Tuesday, October 18, 2011

Harry Belafonte

Harry Belafonte: Harry Belafonte, the singer and activist who once marched with Martin Luther King Jr., called black GOP candidate Herman Cain a “bad apple” who  did not represent the African-American community.

In a clip to air Friday on HLN, Belafonte told Joy Behar that Cain, a wealthy businessman who grew up in poverty, was not an “authority on the plight of people of color.”

“[Cain] doesn’t believe that racism holds anyone back, in any way now,” Behar told Belafonte. “What do you think about that statement?”

“It’s very hard to comment on somebody who is so denied intelligence – and certainly who is denied a view of history, such as he reveals. He knows very little.
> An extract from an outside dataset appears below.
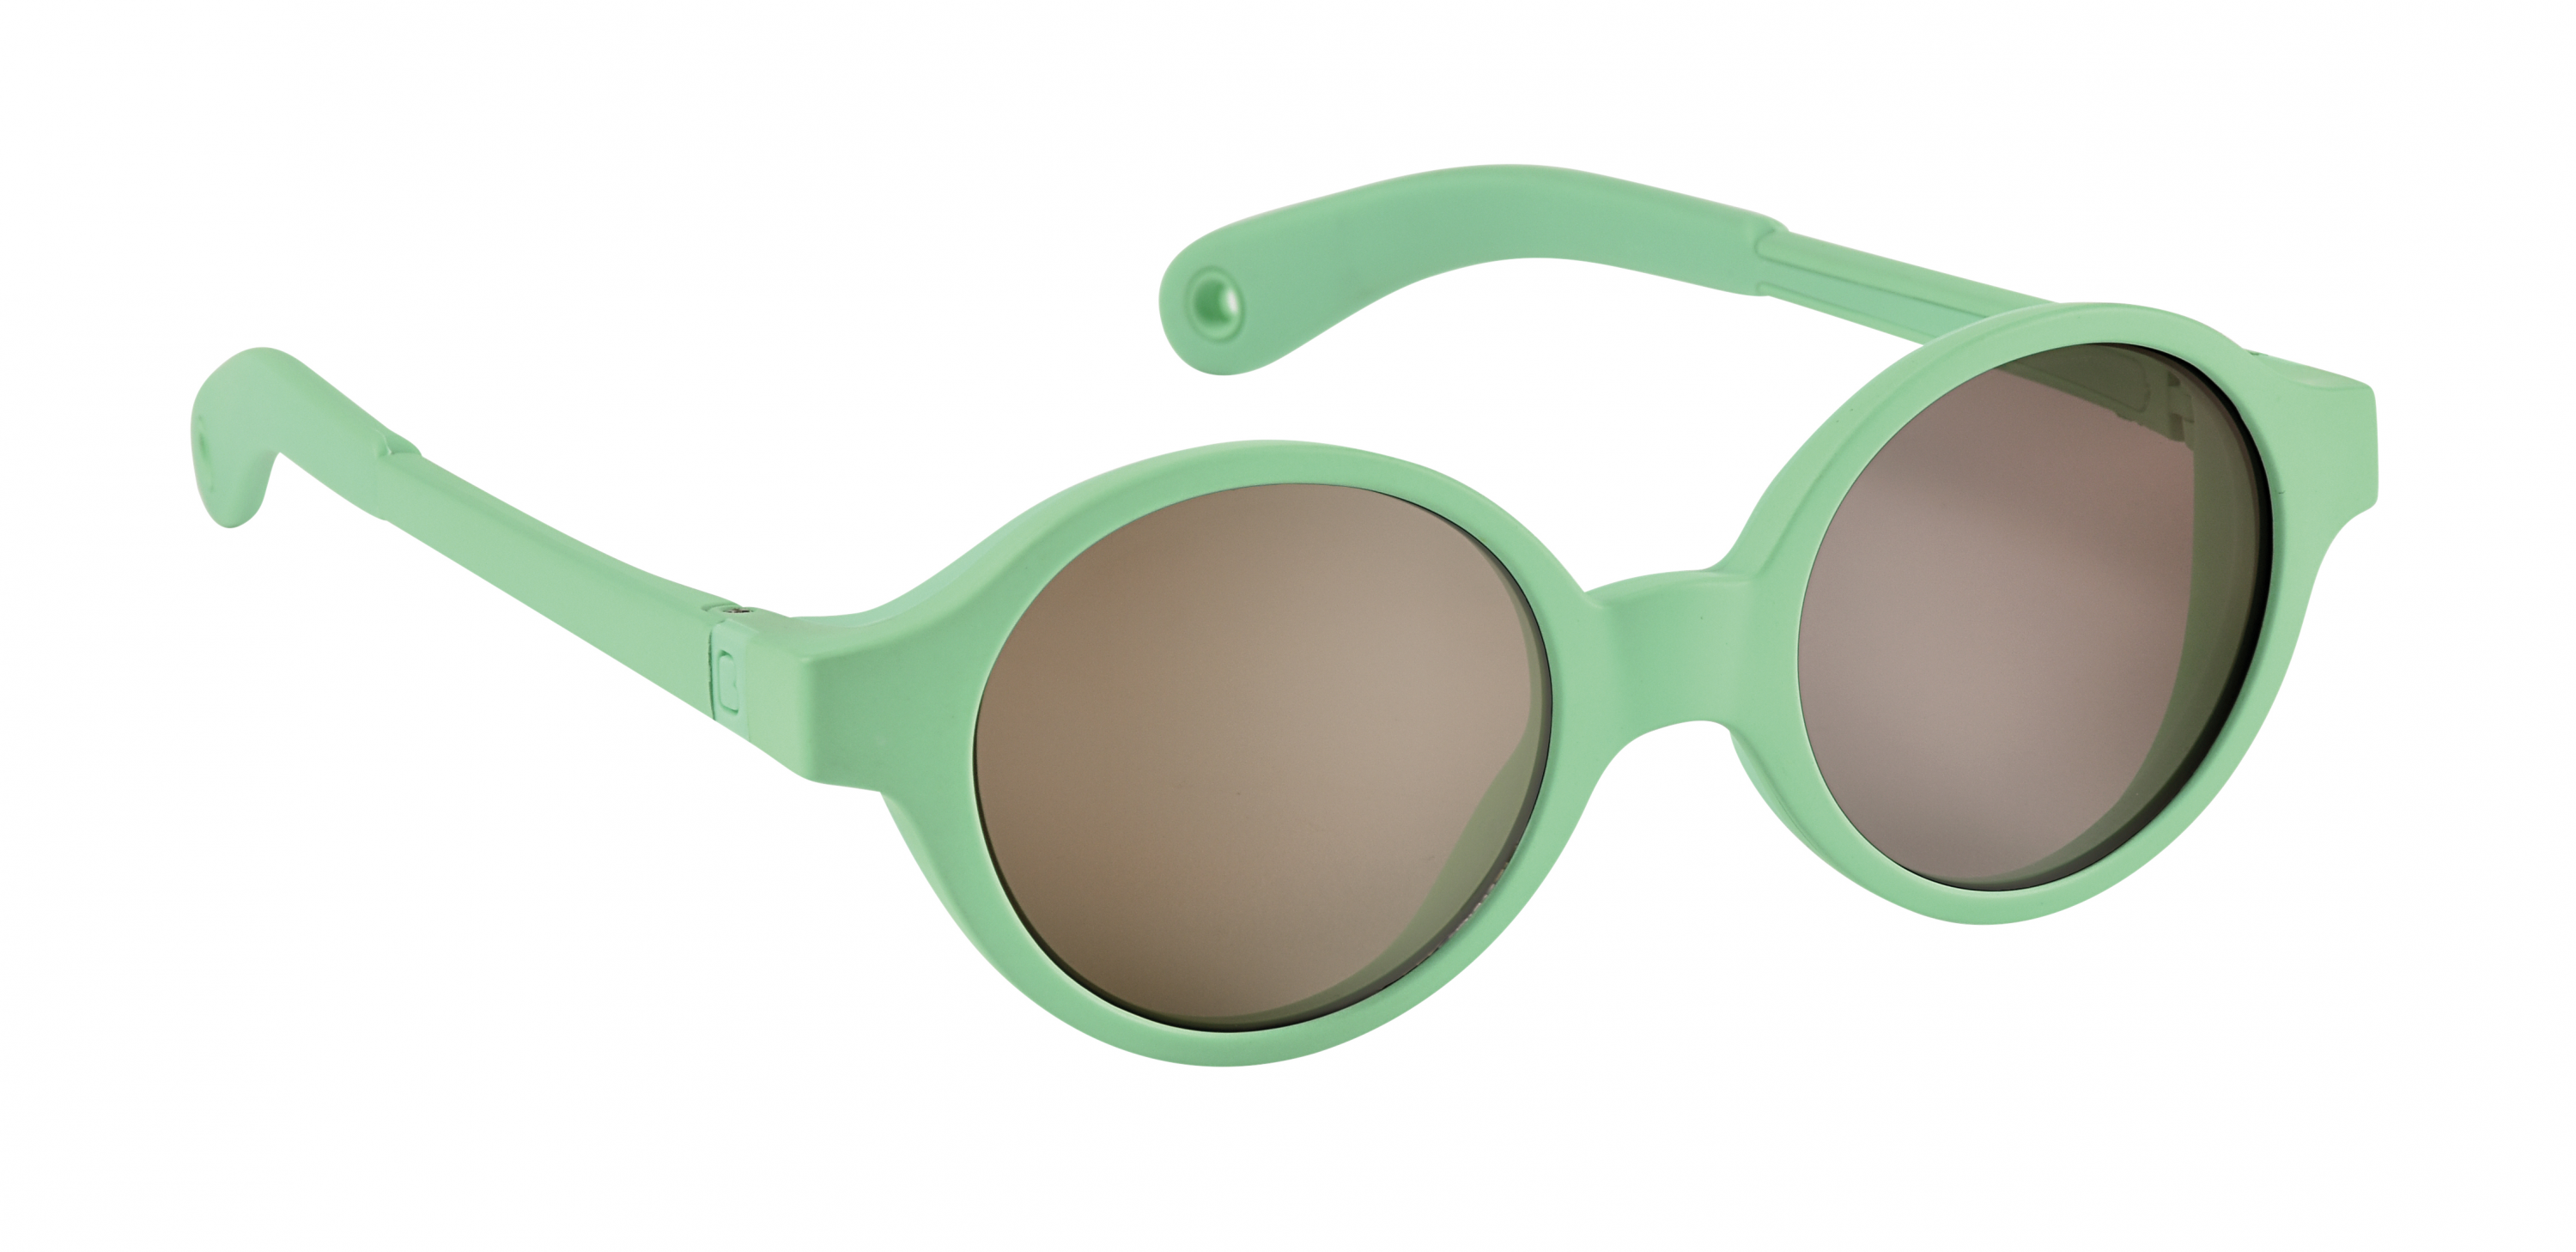 Sluneční brýle Joy 9-24m Neon Green

Because he happened to have good fortune, because he happened to have had a moment when he broke through – the moment someone blinked – does not make him the authority on the plight of people of color,” the singer said.
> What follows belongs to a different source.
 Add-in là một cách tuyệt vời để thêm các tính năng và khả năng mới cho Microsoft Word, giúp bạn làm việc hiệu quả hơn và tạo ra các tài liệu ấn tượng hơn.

Belafonte, who in 2002 compared then Secretary of State Colin Powell to a house slave, again attacked Powell as well former Secretary of State Condoleezza Rice and other black Republicans.

“The Republican Party, the Tea Party, all those forces to the extreme right, have consistently tried to come up with representation for what they call black, for what they call the real Negroes  and try to push these images as the kinds of voices that Americans should be listening to,” Belafonte said.

“So we have Condoleezza Rice, we’ve got Colin Powell – they’re heroes for some people. But for a lot us, they’re not,” he said. ‘And Herman Cain is the latest incarnation of what is totally false to the needs of our community, and the needs of our nation. I think he’s a bad apple, and people should look at his whole card. He’s not what he says he is.

In a written response to the The Hill newspaper, Cain said calling him names would not work to quell his message.

“As far as Harry Belafonte’s comment, look, I left the Democratic plantation a long time ago. And all that they try to do when someone like me — and I’m not the only black person out there that shares these conservative views –  the only tactic that they have to try and intimidate me and shut me up is to call me names, and this sort of thing. It just simply won’t work,” Cain said.

Cain, the former CEO of Godfather’s Pizza, is currently running second in national GOP polls.